# Gemma 4 12B QAT MTP drafter

Multi-Token Prediction (MTP) drafter for `unsloth/gemma-4-12B-it-qat-GGUF`. It runs as a speculative draft model that shares the target's KV cache and speeds up text generation. The drafter is the Gemma 4 12B QAT assistant and pairs with the QAT model unchanged.

Verified on a single B200 against the `gemma-4-12B-it-qat-UD-Q4_K_XL.gguf` target with `-hf` auto-discovery: draft acceptance 0.51.

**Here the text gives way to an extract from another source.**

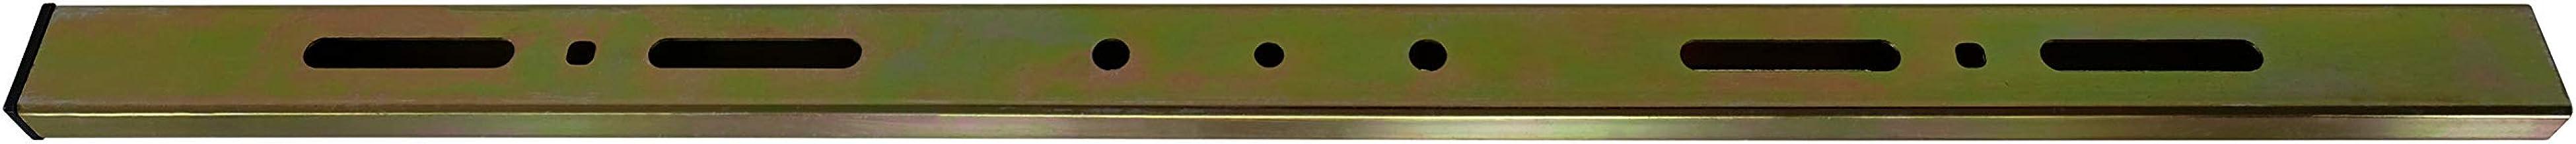 Brennenstuhl 1172640059 dwarsbalken CB 70 / statief dwarsstang voor de opname van twee bouwspots (krachtig 4-kantig stalen...

MTP was merged into llama.cpp on 2026-06-07 (PR ggml-org/llama.cpp#23398). You need a llama.cpp build from after that date. Older builds cannot load these (arch `gemma4-assistant`).

## Files

The recommended drafter is a **smart Q4_0**: the native 4-bit QAT drafter (about 97% of its weights are byte-exact on the int4 grid), near-lossless versus higher precision while roughly half the size. It sits at the repo root as `mtp-gemma-4-12B-it.gguf` so `-hf` finds it automatically, and the same file plus higher-precision drafters are in `MTP/`:

- `mtp-gemma-4-12B-it.gguf` (repo root, smart Q4_0, recommended; used by `-hf`)
- `MTP/gemma-4-12B-it-Q4_0-MTP.gguf` (same smart Q4_0)
- `MTP/gemma-4-12B-it-Q8_0-MTP.gguf`
- `MTP/gemma-4-12B-it-BF16-MTP.gguf`
- `MTP/gemma-4-12B-it-F16-MTP.gguf`

## Build llama.cpp

```bash
git clone https://github.com/ggml-org/llama.cpp
cd llama.cpp

# CUDA build. Set the arch for your GPU: 89 (RTX 4090), 90 (H100), 100 (B200).
cmake -B build -DGGML_CUDA=ON -DCMAKE_CUDA_ARCHITECTURES=90
cmake --build build --config Release -j --target llama-server
```

## Run, the easy way

A recent llama.cpp finds the drafter automatically from the root `mtp-` file, so `-hf` is all you need. No `--model-draft`.

```bash
./build/bin/llama-server \
  -hf unsloth/gemma-4-12B-it-qat-GGUF:UD-Q4_K_XL \
  --spec-type draft-mtp --spec-draft-n-max 4 \
  -ngl 999 -fa on
```

If your build is too old to auto-discover the sibling, use the explicit form below.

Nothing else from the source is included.